Zhong Zhengsheng, chief economist of Ping An Securities, pointed out that there are three macroeconomic foundations for the sharp appreciation of the RMB: first, the US dollar index fell, but the RMB exchange rate did not rise accordingly, accumulating the potential for "catch-up"; second, the domestic stable growth policy was strengthened; third, the trade surplus hit a new high. In addition, the appreciation of the yen was one of the triggering factors for the sharp appreciation of the RMB.

Regarding the relationship between the fluctuation of the RMB exchange rate and the trend of the Japanese yen, Zhang Yu, chief macro analyst at Huachuang Securities, said that although the linkage between the RMB and the Japanese yen, both relatively low-interest currencies, has increased significantly since the Fed's rapid rate hike, the RMB cannot fully apply the carry trade logic. The fundamental reason is that the RMB financial account is still open to a limited extent, and the amount of US dollar assets purchased with RMB as a financing currency is actually limited.

Future Trends

As of 16:30 on August 6, the onshore RMB exchange rate against the US dollar was 7.1469, down 84 basis points from the official closing price of the previous trading day and down 74 basis points from the closing price of the previous night session. On August 6, the RMB central parity rate against the US dollar was 7.1318, up 27 basis points from the previous trading day.

A foreign exchange trader told the Economic Observer that he is currently focusing on two psychological barriers, one is the 7.0 integer barrier, and the other is the previous high of 7.4. "Now the main focus is whether it can break 7.1. At present, it is still maintaining normal operations."

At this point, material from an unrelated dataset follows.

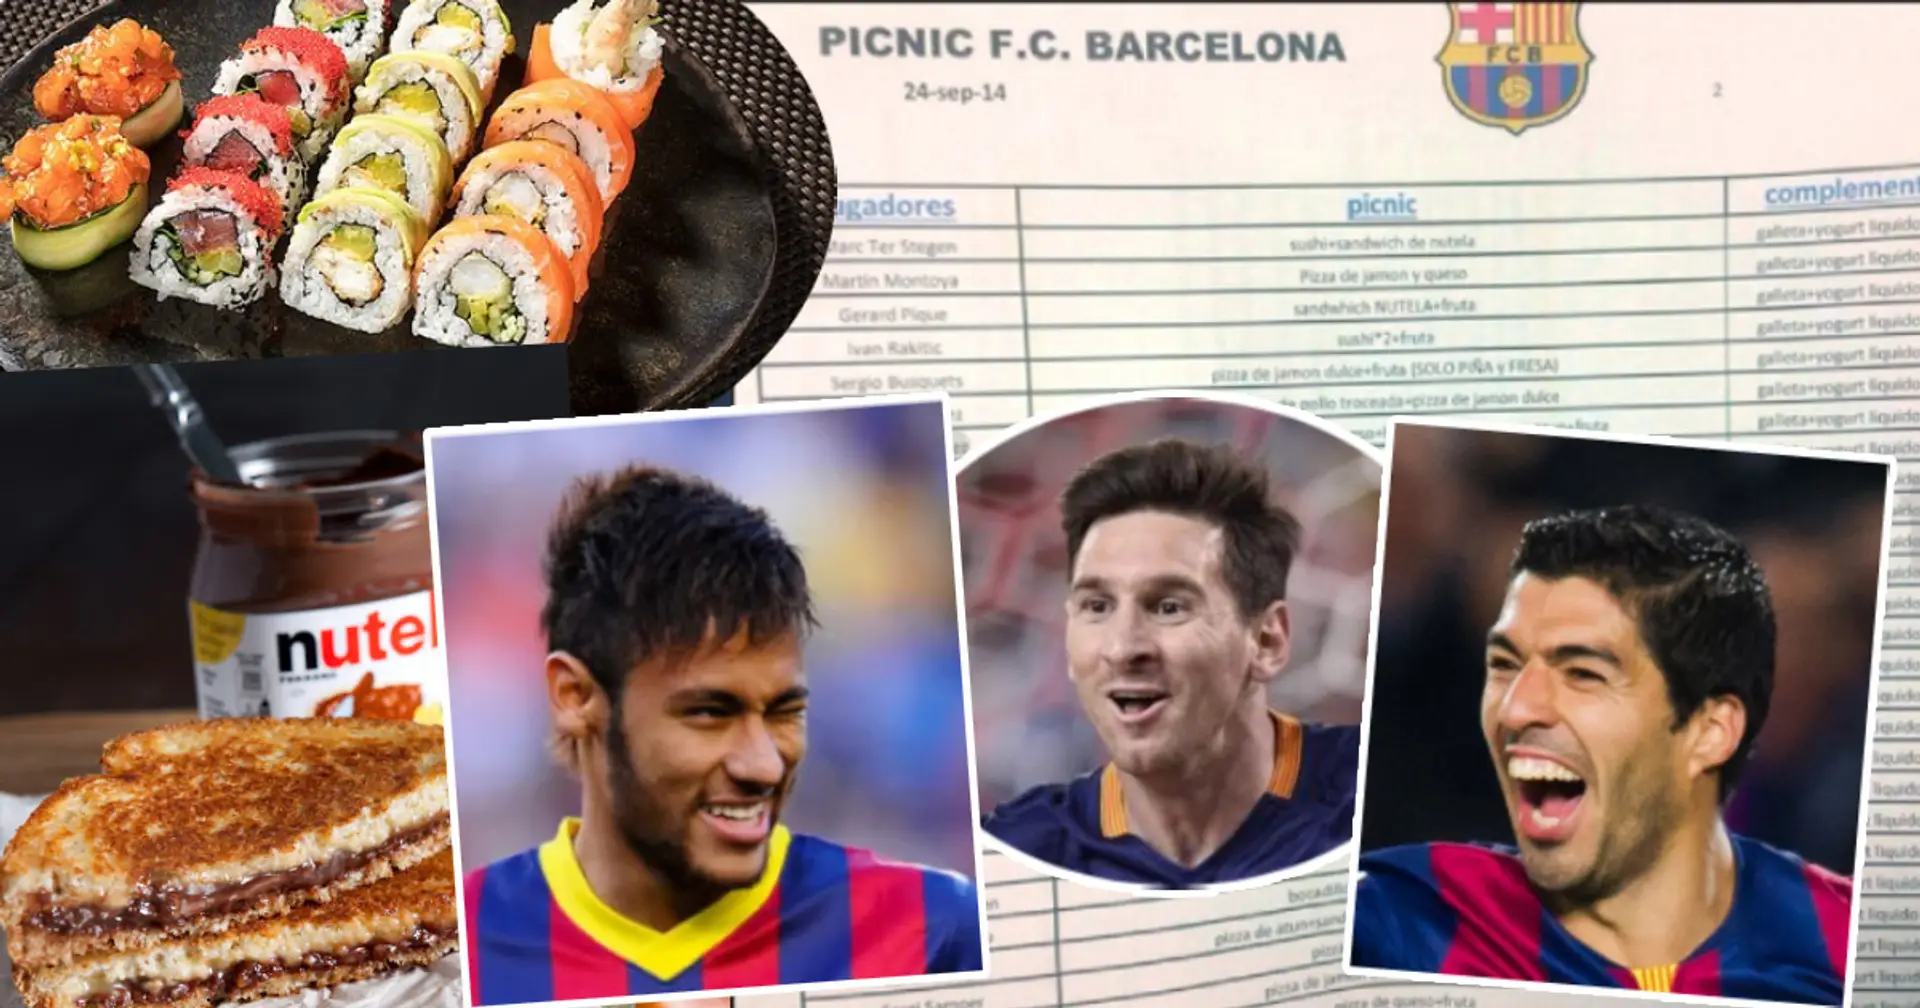 Cheese pizza for Messi, Nutella sandwich for Ter Stegen: Leaked list from 2014 shows Barca players' eating habits

Regarding the subsequent trend of the RMB exchange rate, Zhang Yu believes that the balance of foreign exchange supply and demand in actual transactions is reflected in the surplus of foreign exchange settlement and sales = trade surplus × net exchange rate. The current strong exports mean that companies can earn foreign exchange, and the trade surplus forms a "safety cushion" for the exchange rate. Whether it can trend upward depends on whether the net exchange rate changes.

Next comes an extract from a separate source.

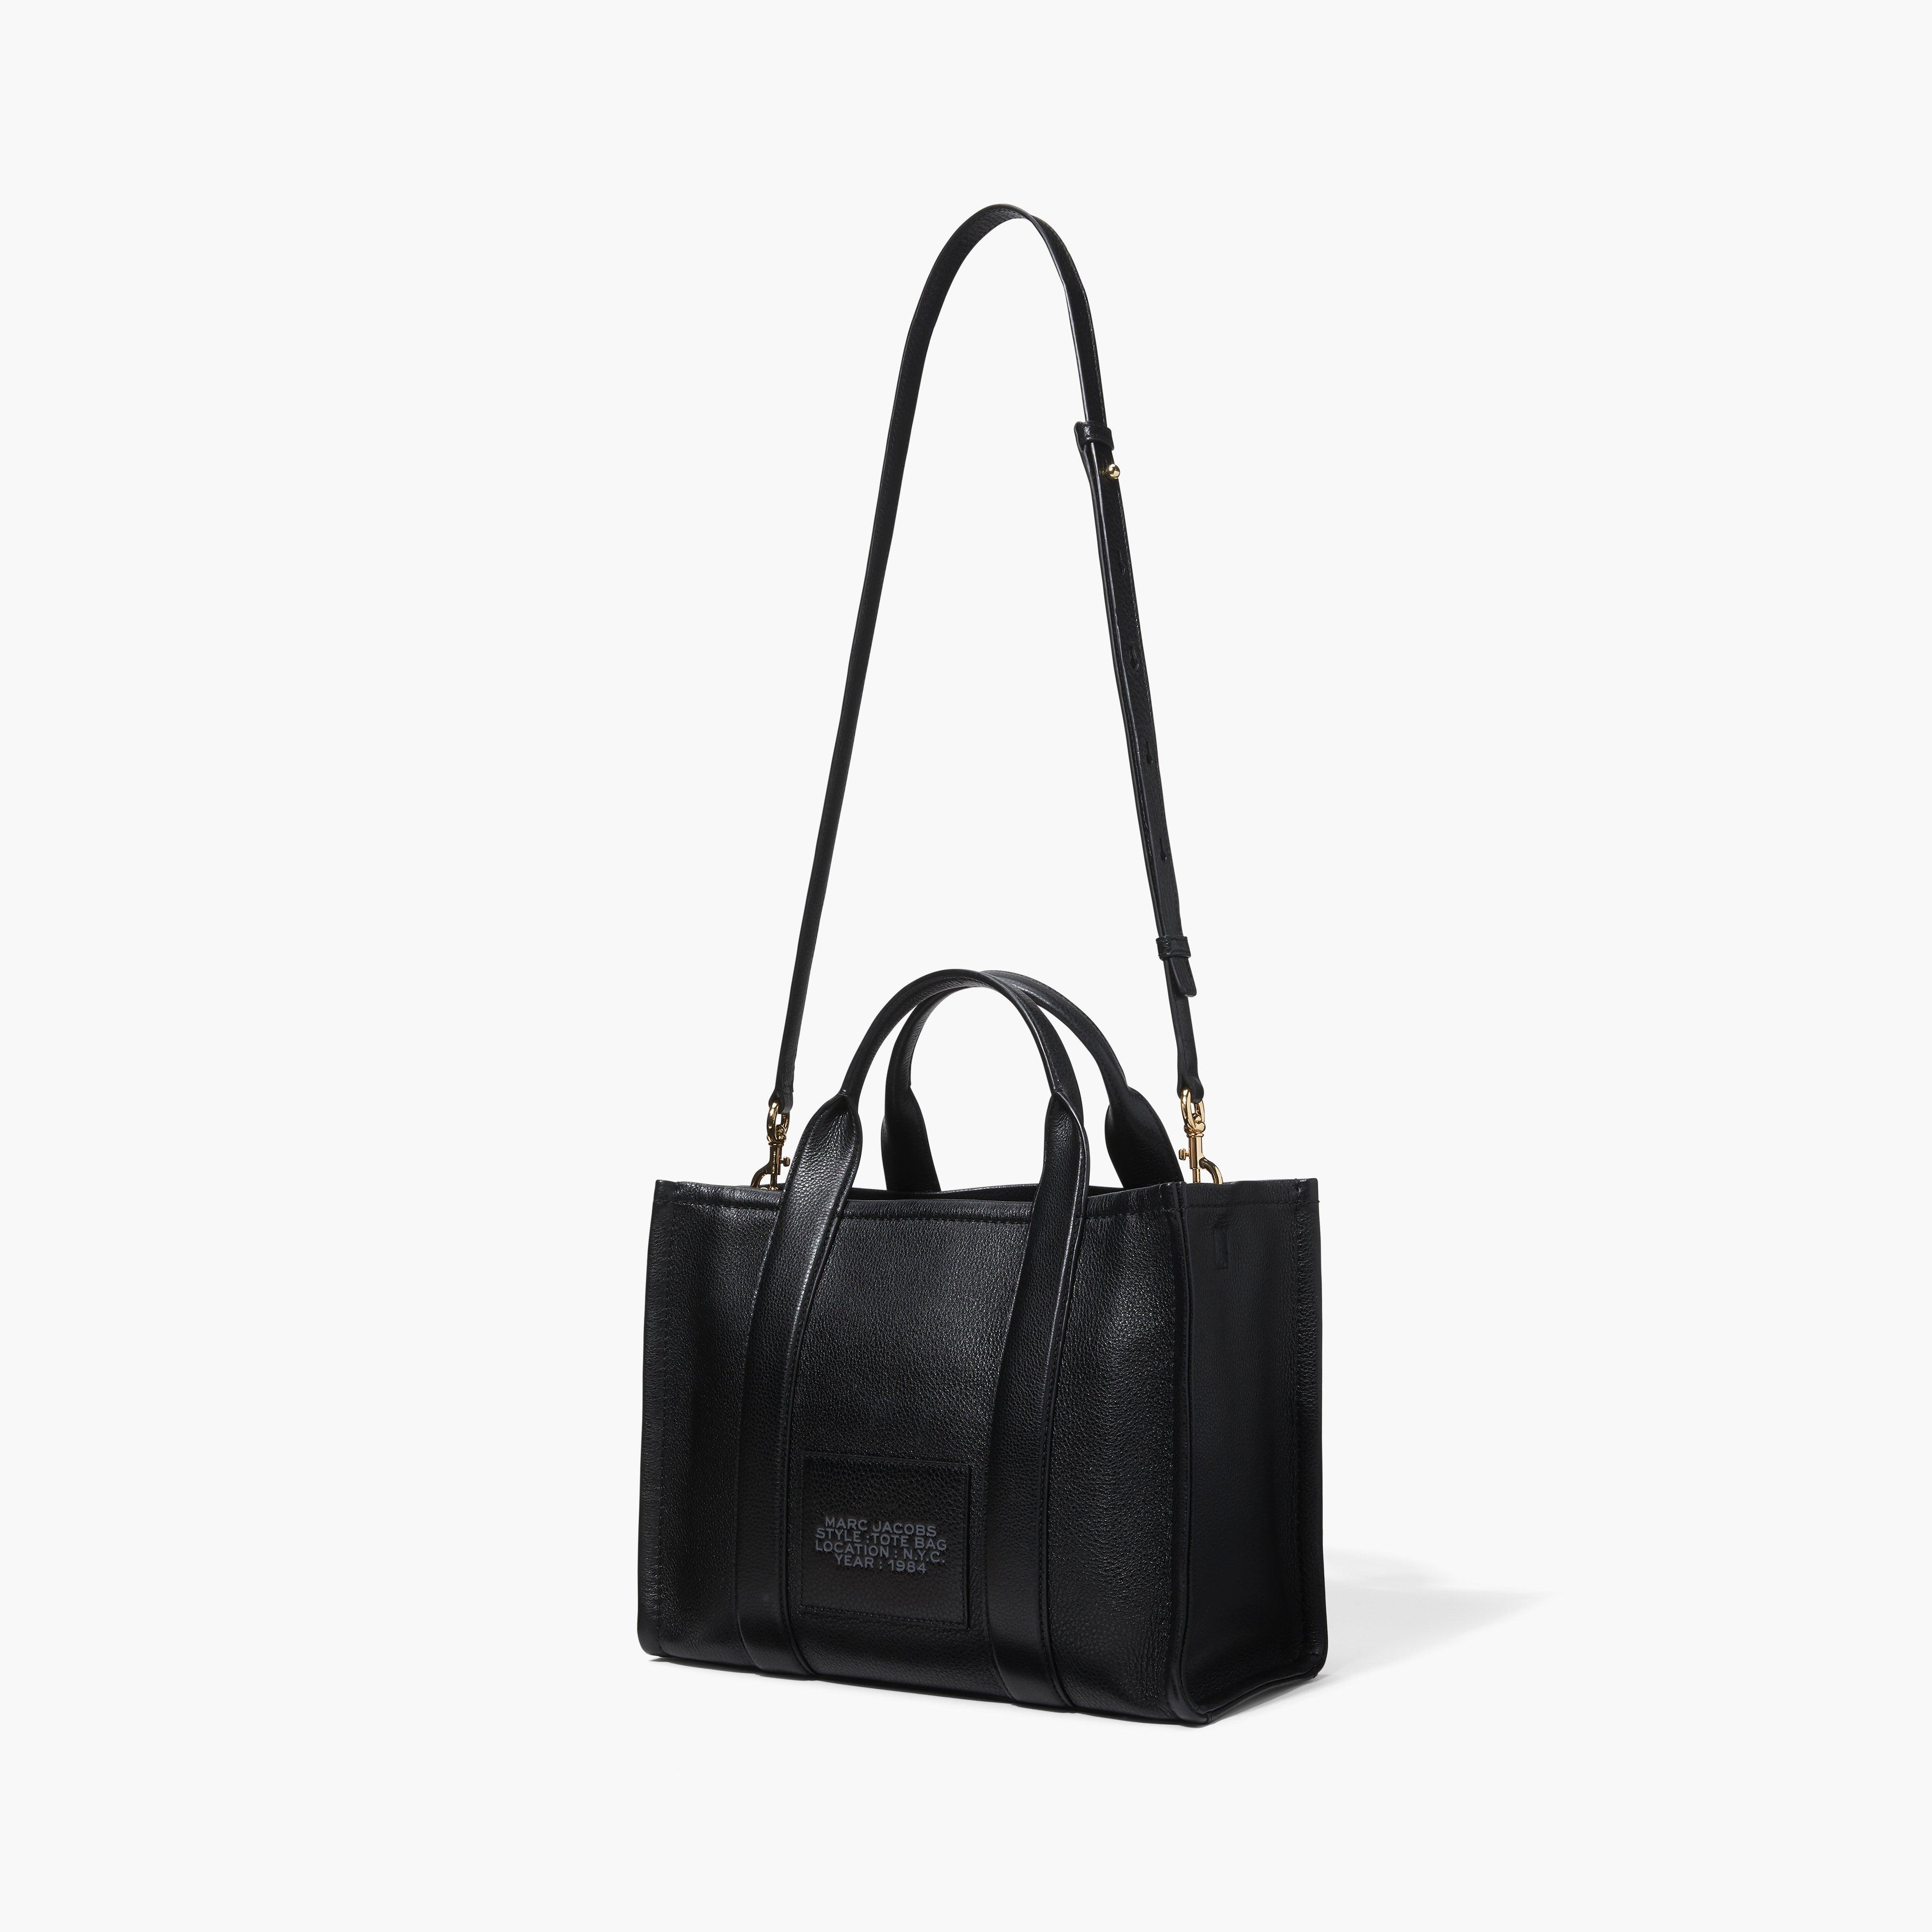 THE LEATHER SMALL TOTE BAG - 4

From the perspective of the macro environment, Wang Youxin believes that the RMB will continue to rise in the coming months. The RMB exchange rate is expected to continue to rise steadily under the support of multiple favorable factors such as the continued stable improvement of economic fundamentals, improved market expectations, changes in the international environment and increased cross-border capital flows.

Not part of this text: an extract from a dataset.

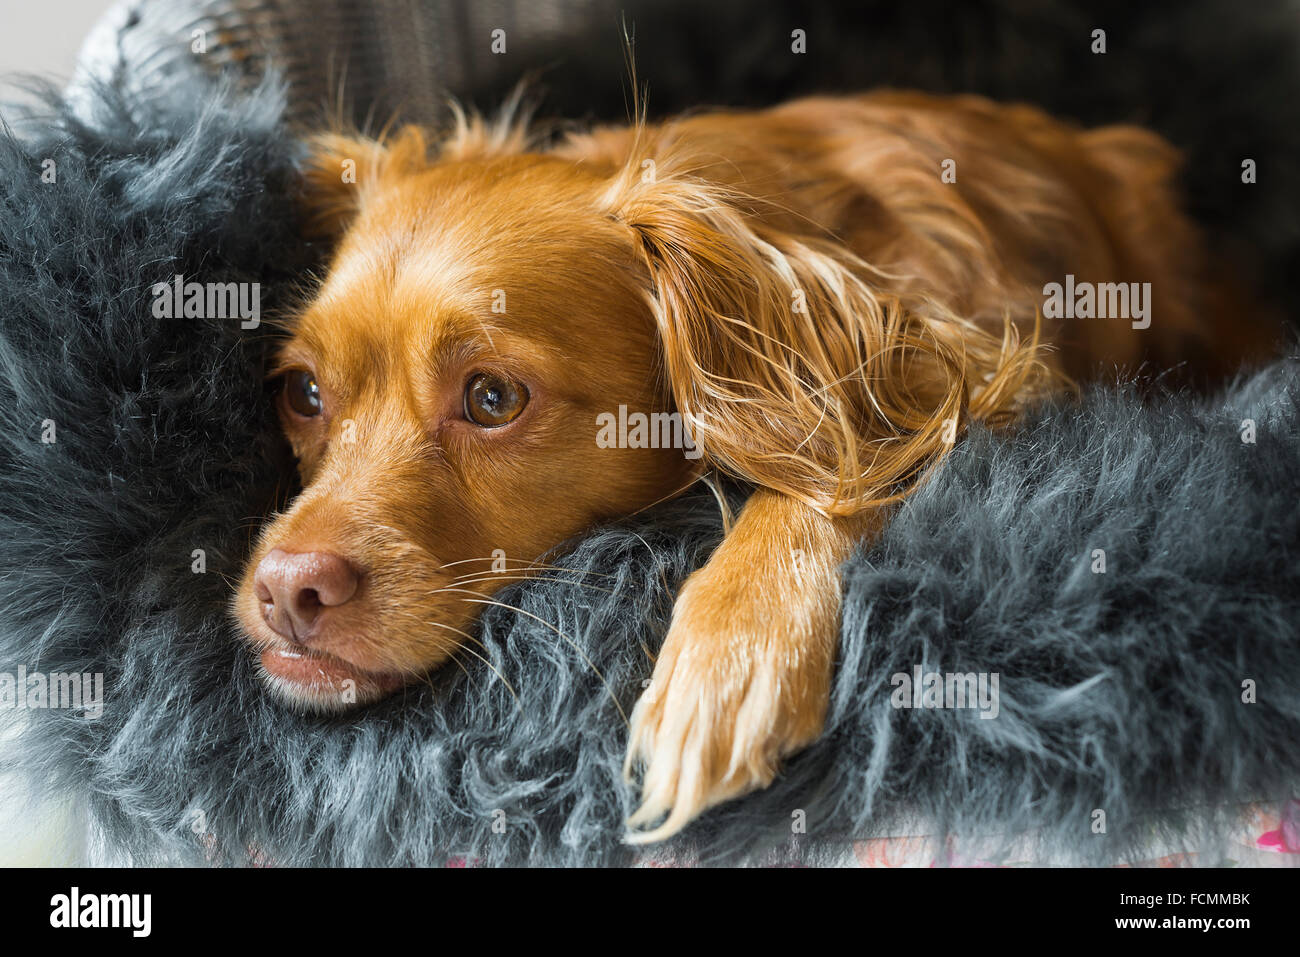 Spaniel mixed breed dog resting and posing on a fluffy sheepskin rug Stock Photo

Huaan SecuritiesThe strategy team pointed out in the research report that in the short term, the strengthening of the Fed's interest rate cut expectations has led to a decline in US bond yields, easing the pressure on the depreciation of the RMB; in the medium term, the factors of the previous depreciation of the RMB have yet to be reversed, and it is expected to enter the appreciation channel after the economic recovery accelerates. Whether the GDP growth rate in the second half of the year can rebound to more than 5% is the key to determining the medium-term exchange rate trend. The RMB exchange rate needs more macroeconomic data support to enter the medium-term appreciation channel.